Physiology and Mechanism of Action

Post exercise, the venous return is significantly reduced thus allowing for the build up of carbon dioxide, lactic acid and metabolic waste. The goal of IPC is to massage and squeeze your muscles intermittently for a period of time. Research has shown this IPC can decrease swelling and pain, enhance lymphatic return, and increase blood flow which was shown in the studies to restore strength and endurance 10 times faster compared to rest alone. This effect is due to removal of the lactic acid and metabolic waste that can of build up after intense training. Proper recovery following exercise is important to repair the transitory and long- term impairments created by the stress of training and competition. Following rehydration, correcting the metabolic disturbances and restoring glycogen stores is paramount for recovery of exhaustive exercise.
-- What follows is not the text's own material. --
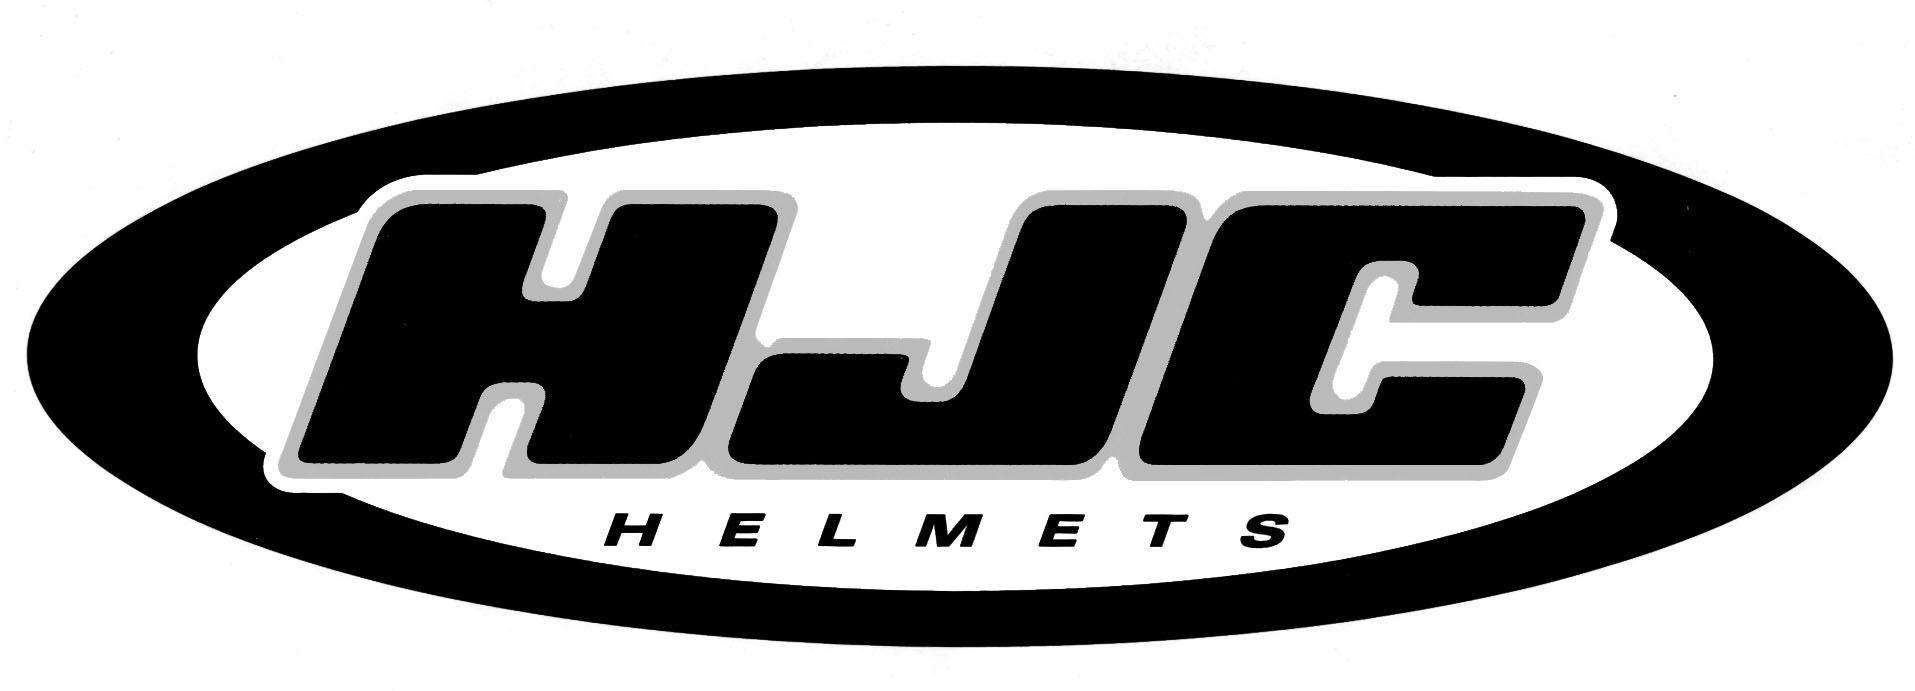 Helmets Logo - hjc helmet logo - Google Search | iD3 Helmets | Hjc helmets, Helmet ...

Theoretically, IPC can reduce the space available for swelling, hemorrhage and hematoma formation as well as providing mechanical support.

Usage

There are three primary treatment options available using compression. A typical treatment lasts no longer than 15-20 minutes.

  1. Pre-workout to benefit in warm up and promote blood flow
  2. Post-workout used to speed up muscle recovery, decrease muscle fatigue and stiffness
  3. Post rehab or injury to reduce edema and stiffness

Using this technique can speed recovery and relieve muscle soreness in a shorter period of time. Although research is still very limited in this field, the preliminary studies indicate intermittent pneumatic compression may help improve athlete’s ability to restore strength and endurance faster than rest alone, therefore allowing the athlete to train harder and more often than those who use passive rest following training.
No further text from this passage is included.